Voor en na de operatie krijgt u in het geval van een totale knieprothese het verzoek om vragenlijsten in te vullen. Zo krijgen wij inzicht in het effect van de behandeling en het verloop van uw herstel. Dit inzicht krijgen we door uw antwoorden voor en na de behandeling met elkaar te vergelijken.
Daarom is het belangrijk dat u op meerdere momenten dezelfde vragenlijst(en) invult. Ook worden de vragenlijsten gebruikt om landelijk inzicht te krijgen in de kwaliteit van zorg. Door mogelijke verschillen tussen ziekenhuizen en de behandelingen verder te onderzoeken, verbeteren we de kwaliteit van zorg steeds verder.

Over het ellebooggewricht

Gewrichten in ons lichaam vormen de beweeglijke verbindingen tussen verschillende botstukken. De elleboog is een complex gewricht en vormt de verbinding tussen bovenarm en onderarm. Het ellebooggewricht bestaat uit 3 gewrichten: het gewricht tussen bovenarm en ellepijp en het gewricht tussen bovenarm en spaakbeen. En het gewricht tussen spaakbeen en ellepijp. Deze zijn zo gevormd, dat ze precies tegen elkaar aan kunnen liggen of in elkaar passen.
De uiteinden van deze 3 botten zijn bekleed met kraakbeen zodat de verschil- lende botten soepel over elkaar bewegen. Het kraakbeen is glad en veerkrachtig en wordt gevoed door het gewrichtsvocht. Een stevig kapsel houdt de botdelen van het gewricht op hun plaats.
Dit kapsel bestaat uit spieren, pezen en banden die ervoor zorgen dat het gewricht soepel kan bewegen. Ook zorgen deze voor stabiliteit van de elleboog.

Oorzaak van de klachten

Veel mensen hebben last van gewrichtsslijtage, wordt ook wel artrose genoemd. Slijtage tast de gladde kraakbeenlaag van het gewricht aan. Daardoor kan deze laag uiteindelijk helemaal verdwijnen.
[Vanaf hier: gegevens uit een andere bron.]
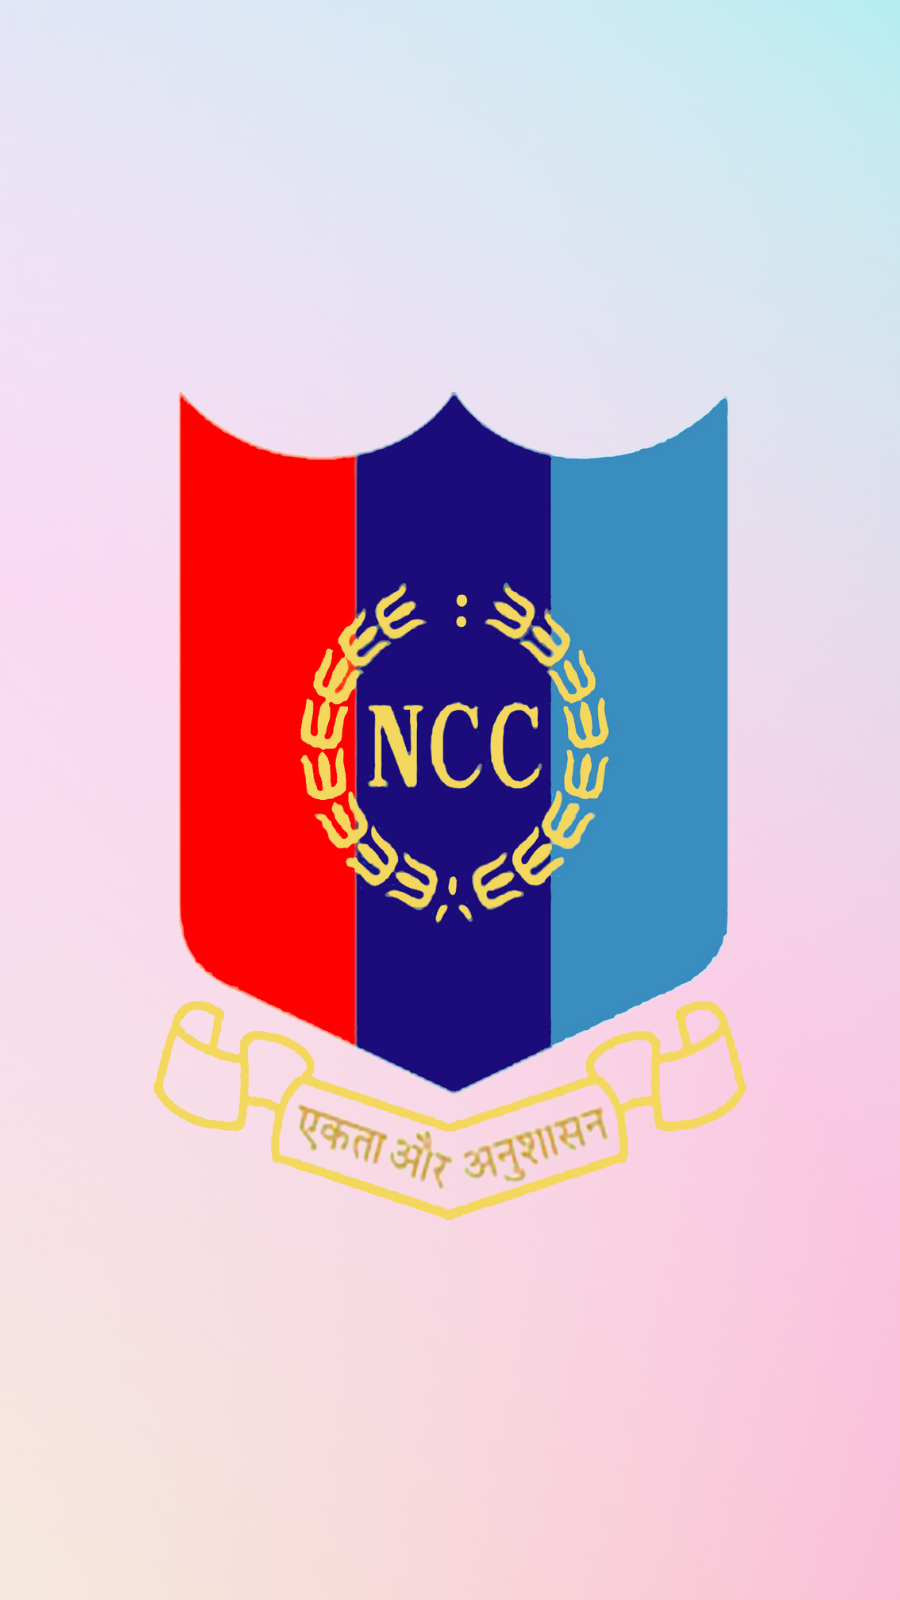 Newcastle-University-logo - NCC Education

De gewrichtsvlakken glijden dan niet meer zo soepel langs elkaar, met het gevolg dat bewegen steeds moeilijker en pijnlijker wordt. Door de irritatie die ontstaat bij bewegen wordt er meer gewrichtsvocht aangemaakt, waardoor de elleboog en arm dikker kan worden.

Verschillende oorzaken

Een oorzaak voor gewrichtsslijtage is reumatoïde artritis. Dit is een chronische ziekte die voortdurend gewrichtsontstekingen veroorzaakt. Andere oorzaken zijn langdurige overbelasting of botbreuken. Soms is de ernst van de breuk zodanig dat deze niet meer te repareren is. Het kraakbeen kan ook door een ongeval of een botbreuk na verloop van tijd slijtage gaan vertonen. In enkele gevallen is er geen oorzaak voor de slijtage.

Klachten

De klachten die kunnen ontstaan zijn:

  • Verminderde spierkracht/stabiliteit van het ellebooggewricht
  • Het draaien van de onderarm wordt moeilijker en pijnlijk
  • Zwelling rondom het ellebooggewricht
  • Ernstige pijnklachten bij bewegen, zowel vanuit het gewricht als weefsels rond het gewricht (pezen, spieren en banden)
  • Het horen kraken/knarsen bij het buigen van de arm
  • Stijfheid van het ellebooggewricht

Soms is het niet meer mogelijk om de pijn te verlichten met medicijnen en spierkracht. Of om de coördinatie te herstellen met behulp van fysiotherapie. In dat geval kan een operatie een oplossing zijn. Dit is een operatie waarbij een elleboogprothese wordt geïmplanteerd.
Er zijn verschillende elleboogprotheses mogelijk. De orthopedisch chirurg overlegt met u welk type prothese voor u geschikt is.

Voorbereiding

Een goede voorbereiding op de opname is heel belangrijk. Hieronder leest u wat wij voor u regelen en wat u zelf moet doen.

Arbodienst

In sommige gevallen heeft uw aandoening en de behandeling ervan gevolgen voor het uitoefenen van uw werkzaamheden. U kunt met uw specialist bespreken of u (tijdelijke) beperkingen heeft.
Het is belangrijk dat u uw bedrijfsarts/leidinggevende op de hoogte stelt van uw aandoening en behandeling, zodat hij/ zij u goed kan begeleiden bij de terugkeer naar uw werk. Hiervoor kunt u een afspraak maken op het arbeidsomstandighedenspreekuur van de Arbodienst van het bedrijf of de organisatie waar u werkt.
Om uw privacy te beschermen, is uw toestemming nodig. Dit is voor overleg tussen uw specialist en uw bedrijfsarts, als dat nodig is.

Preoperatief spreekuur

Van de Opnameplanning krijgt u een afspraak voor de orthopedieconsulent. De afspraak met de anesthesie is telefonisch. U wordt binnen 6 maanden na het preoperatief spreekuur geopereerd.
De datum en het tijdstip van opname en operatie ontvangt u via de Opnameplanning. Daar kan het secretariaat van de polikliniek of de orthopedieconsulent u helaas geen informatie over geven. Uitgebreide informatie over opname in het ziekenhuis leest u in de brochure ‘Welkom in het Martini Ziekenhuis’.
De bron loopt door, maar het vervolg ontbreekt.